I don't seem to recall Fox & Friends being "outraged and disdainful" about this. Oh, right, they're not!
But "African-Americans" imprisoned in Cuba. You just can't make this stuff up. Oh, right, this is Fox & Friends!
(3/26/18 update: Video is no longer available)
…Cuba is at least in North America
While he doesn’t really pay attention to what comes out of his mouth, he does realise that there are certain words to be avoided on the air and the only euphemism for the N-word he could think of was A-A.
Yes, Visitor, he is really and truly stupid.
Yes, Joseph, the top dogs in Battista’s society were the descendants of the Spanish colonialists and the blacks were and remain the descendants of their slaves. The former made sure the latter were kept in abject poverty and subjugation. Most farm workers and their families lived in shacks alongside the roads, hoping to get a call from the farm bosses acting on behalf of the owners in town. No need to apologise for using the word “slaving” for that’s precisely what it was.
Castro has made many mistakes but I expect History (big “H”) will give him credit for important achievements as well, one of which is a serious weakening of inequality based on skin color. An unintended spin-off effect of the early programs (adult literacy, universal education, food rationing to make sure the poorest also got something, affordable housing, health care) was that new generations had time to realize that there were alternatives to eking out a living through casual laboring in the fields. Their elders couldn’t think beyond the next meal let alone dream of a different life.
Rising dissatisfaction with conditions in Cuba is, to my mind, a pretty valid proxy indicator of the immense progress made during the early years of Castro’s government. There’s no denying that gangrene set in when Castro failed to step down as he had promised, but that doesn’t wipe out the real achievements. After a single decade – and in spite of having lost a large part of its educated (mostly light-skinned) population – Cuba started sending (mostly black) physicians and engineers to work in the developing world. I used to measure the size of their presence in a country on the basis of how many baseball games I’d find on Sunday mornings. A rags-to-riches story, IMO.
I hear, I hear, the roaring of the likes of Brian (mindless) in the offing. Enraged at anybody saying anything positive about that gnat in the Caribbean called Cuba.

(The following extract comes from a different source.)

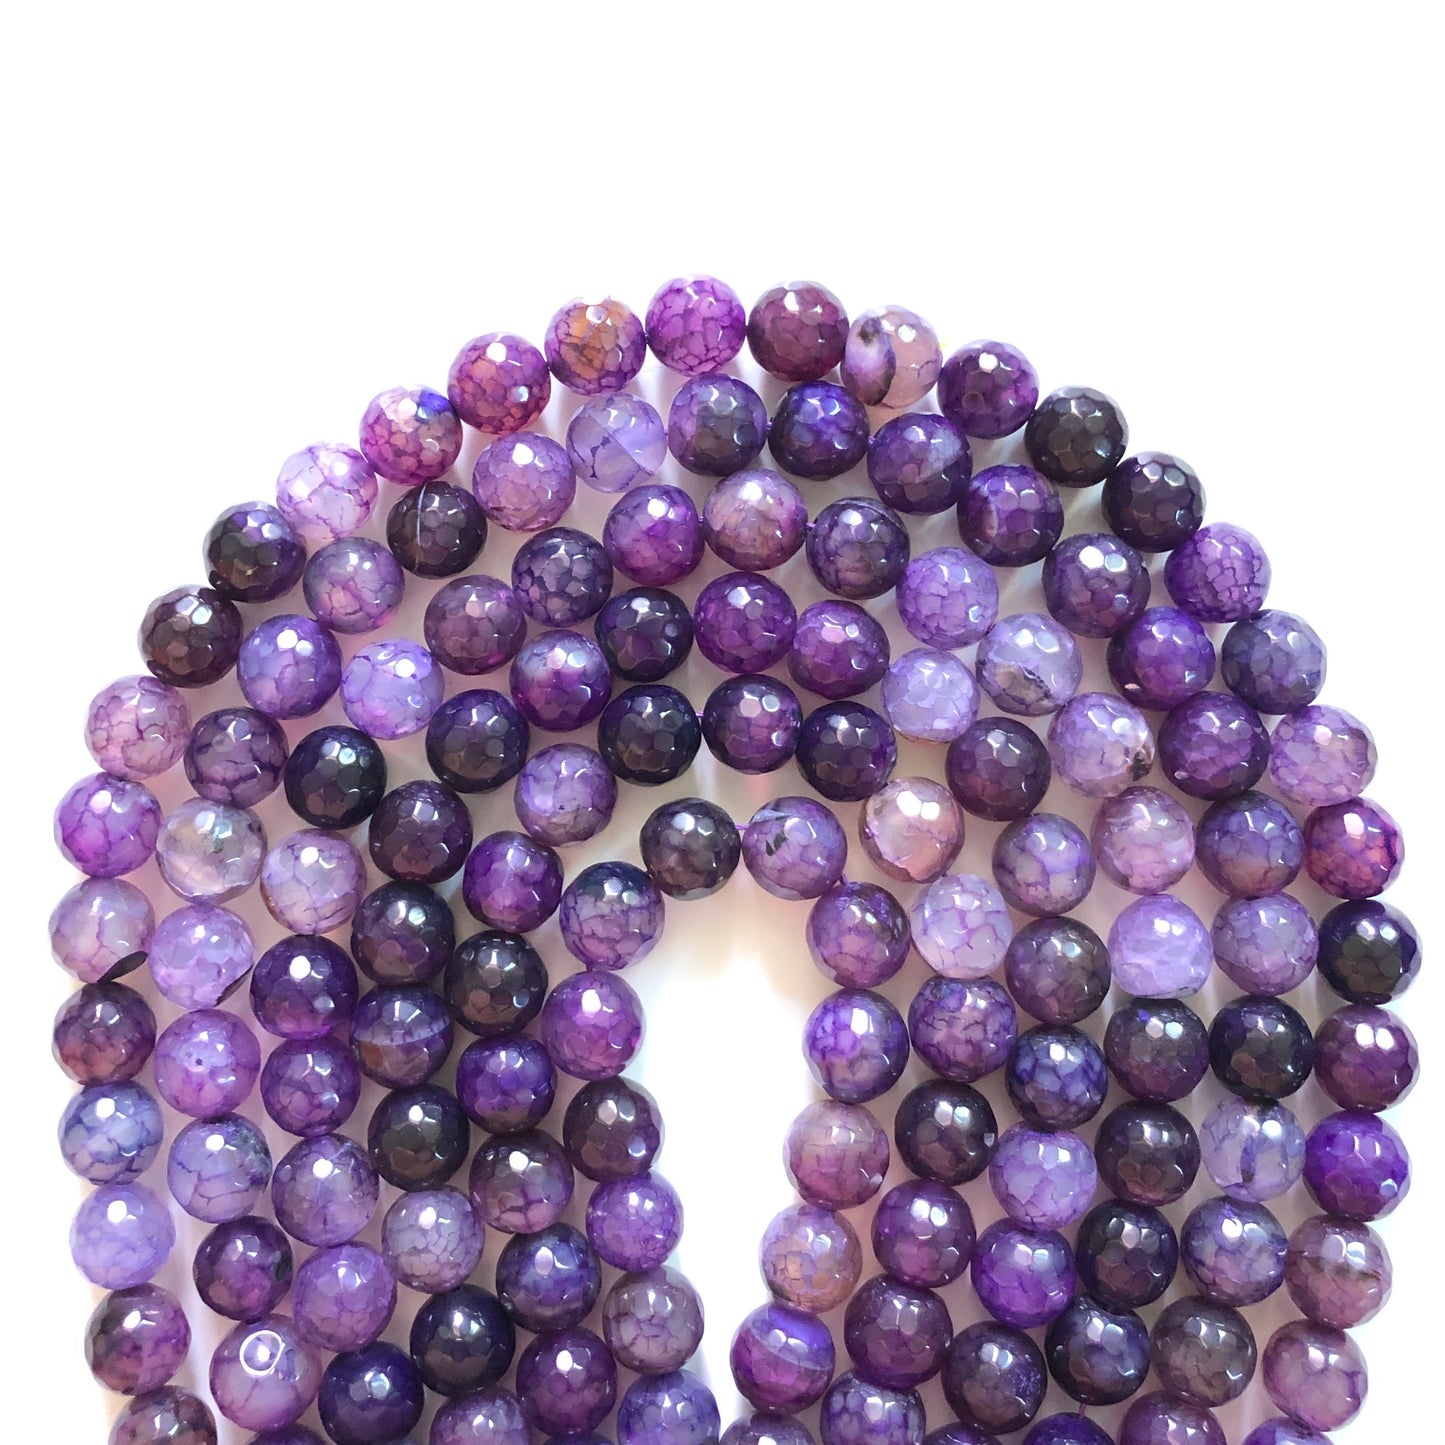 2 Strands/lot 12mm Purple Faceted Dragon Agate Stone Beads Stone Beads 12mm Stone Beads Faceted Agate Beads Charms Beads Beyond
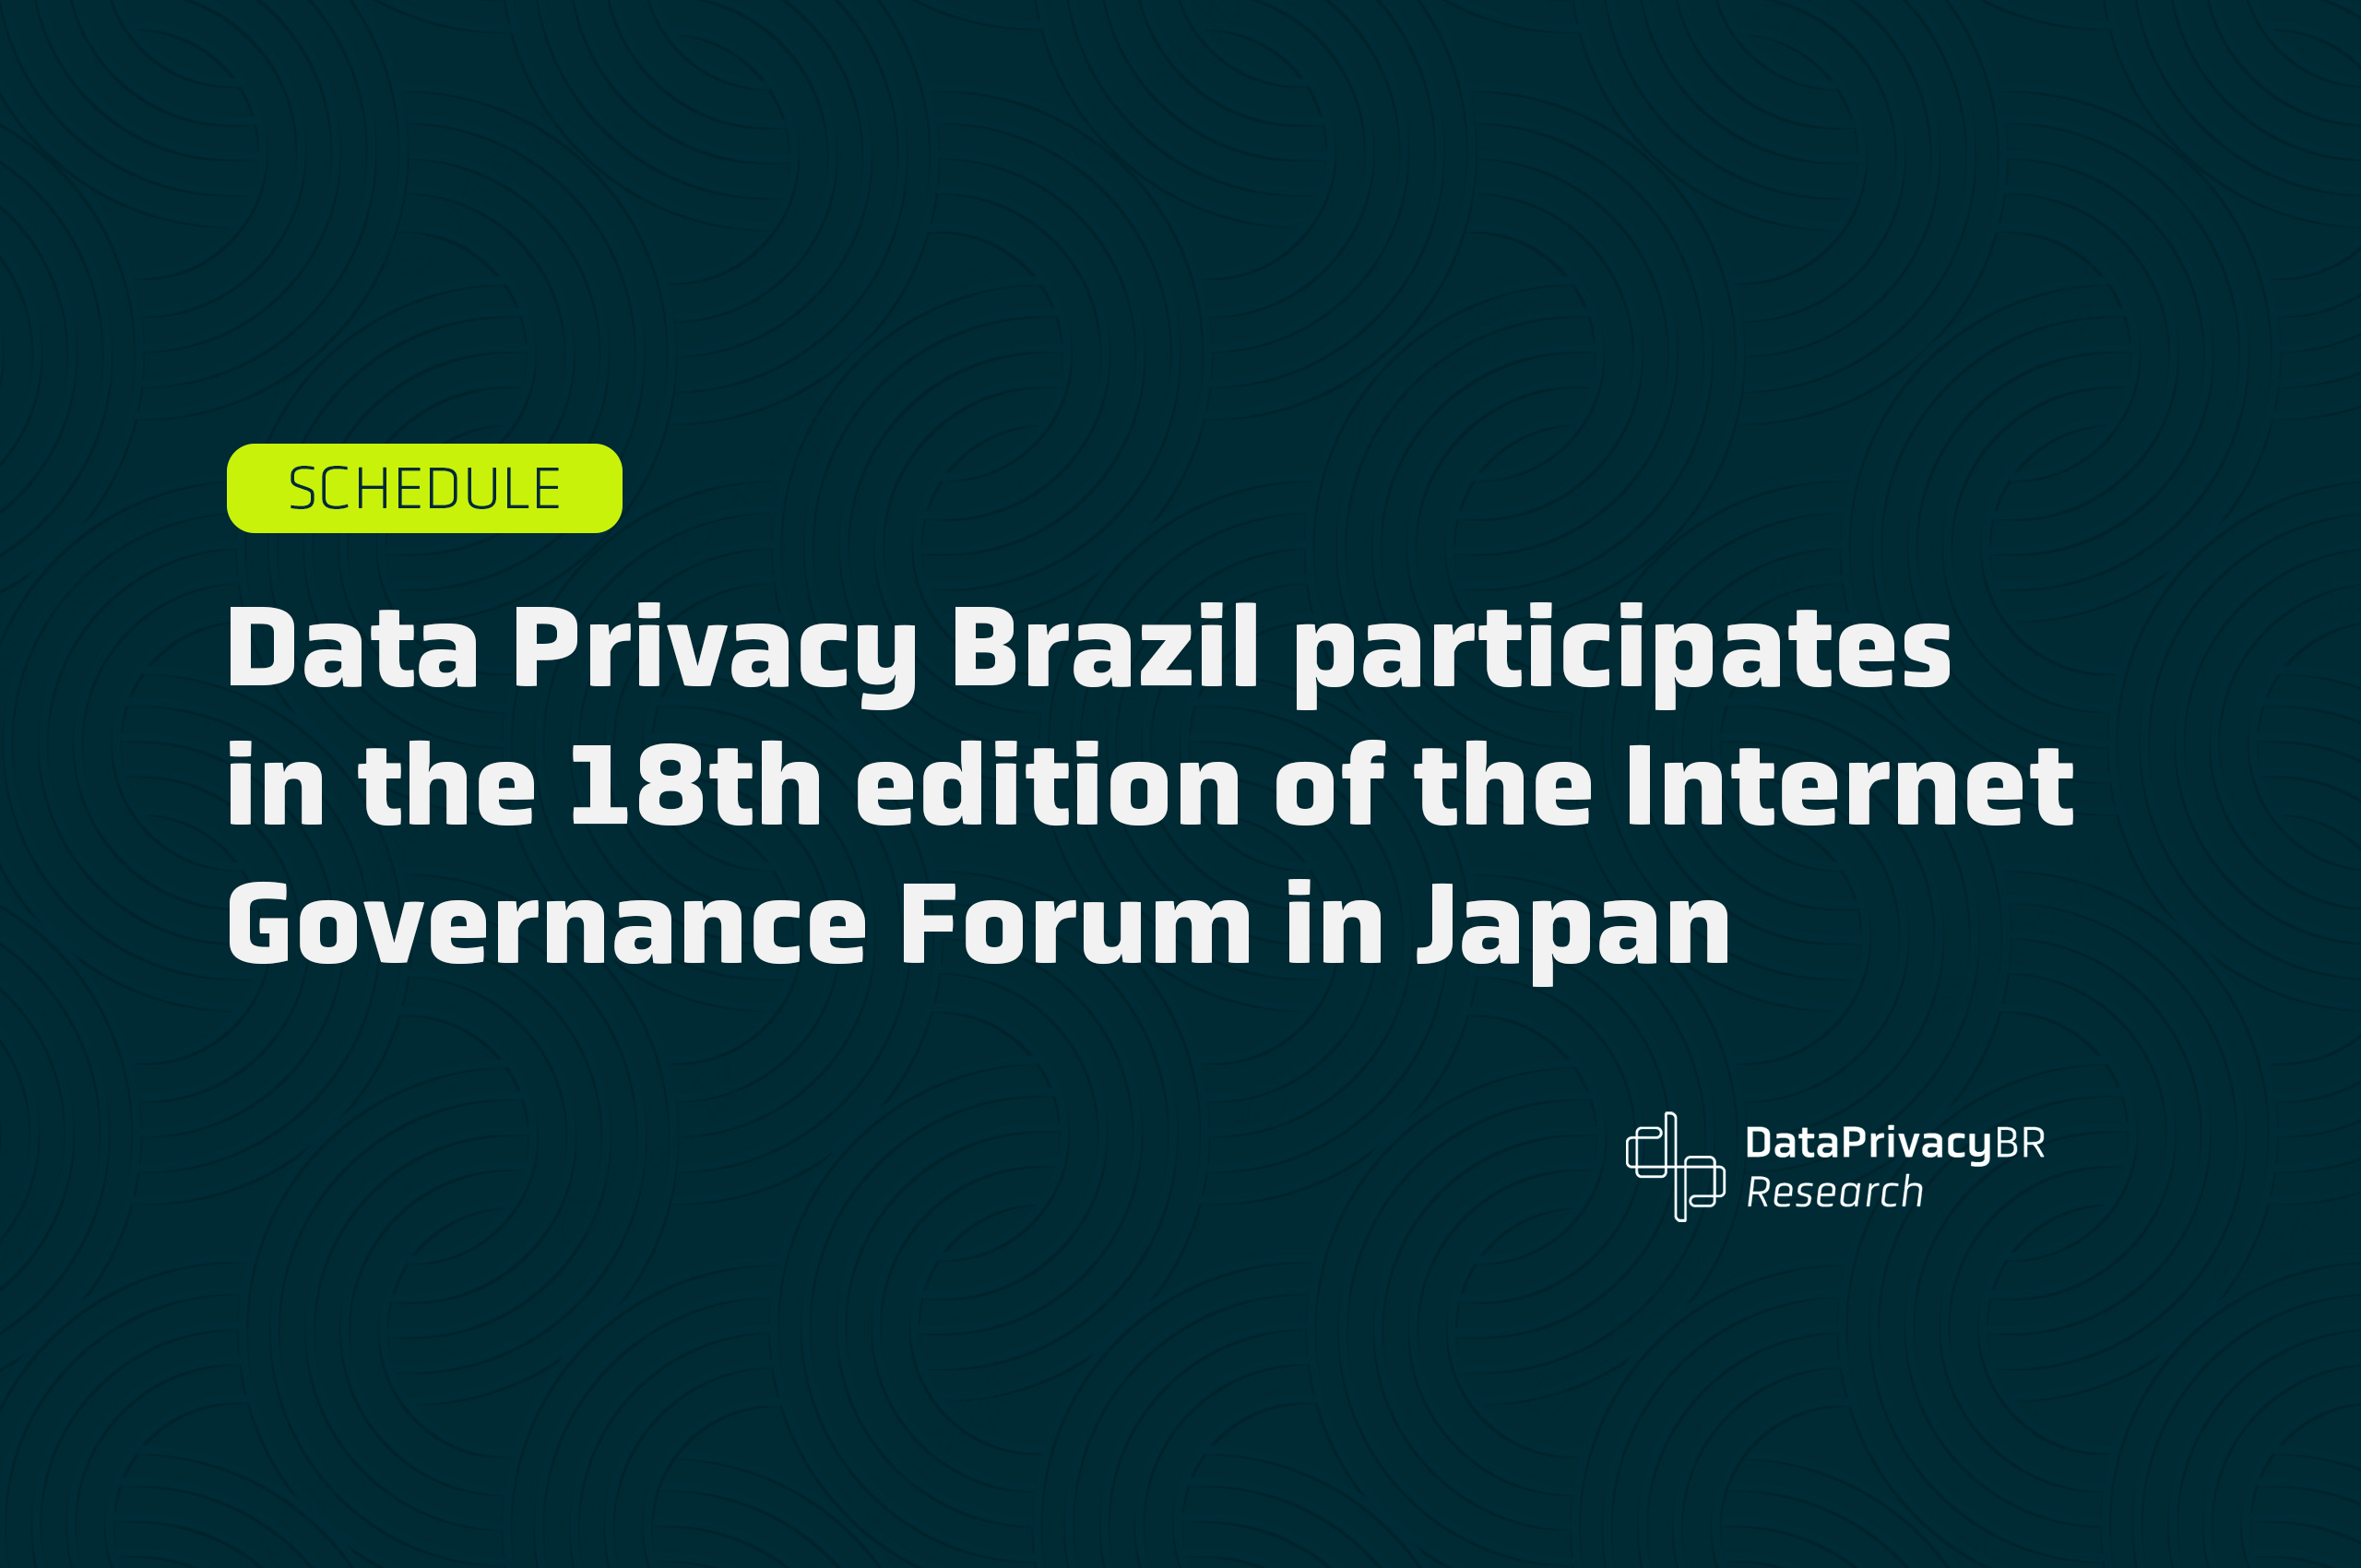 Data Privacy Brazil participates in the 18th edition of the Internet Governance Forum in Japan

Well, historically, back in the “good old days” when Fulgencio Batista was the thug of a dictator (but hey, he was “our” dictator) running the show, those Afro-Cubans about whom Kilmeade seems to be so concerned were at the bottom of the social heap, likely to be in prison as they were out in the sugar or tobacco fields, slaving away (pardon the expression) for Batista’s 1%ers—the bulk of whom led the first Cuban “diaspora” after Castro came to power. And why were those poor Afro-Cubans at the bottom of the social heap? Pretty much for the same reason that African-Americans in the Deep South were at the bottom of the social heap during the 1950s—skin color and good ol’ boy racism. (The white Cubans in the Batista era largely believed in the same racial superiority ideas as white Americans in the 1950s, not just in the South, but fairly widespread—the main difference being that Southern states had largely codified the beliefs while Northern states simply let them exist on a “personal” level; a part of the reason why Betty and Barney Hill’s UFO testimony was so readily dismissed by law enforcement, even though they lived in New Hampshire, was the fact that they were an interracial couple—and the 2nd-season opening episode of “American Horror Story,” set in the early 1960s, featured an interracial couple in New England being harassed by local white boys just before the couple are presumably abducted by aliens.)
If it’s more than 1% then it’s worse than I fear.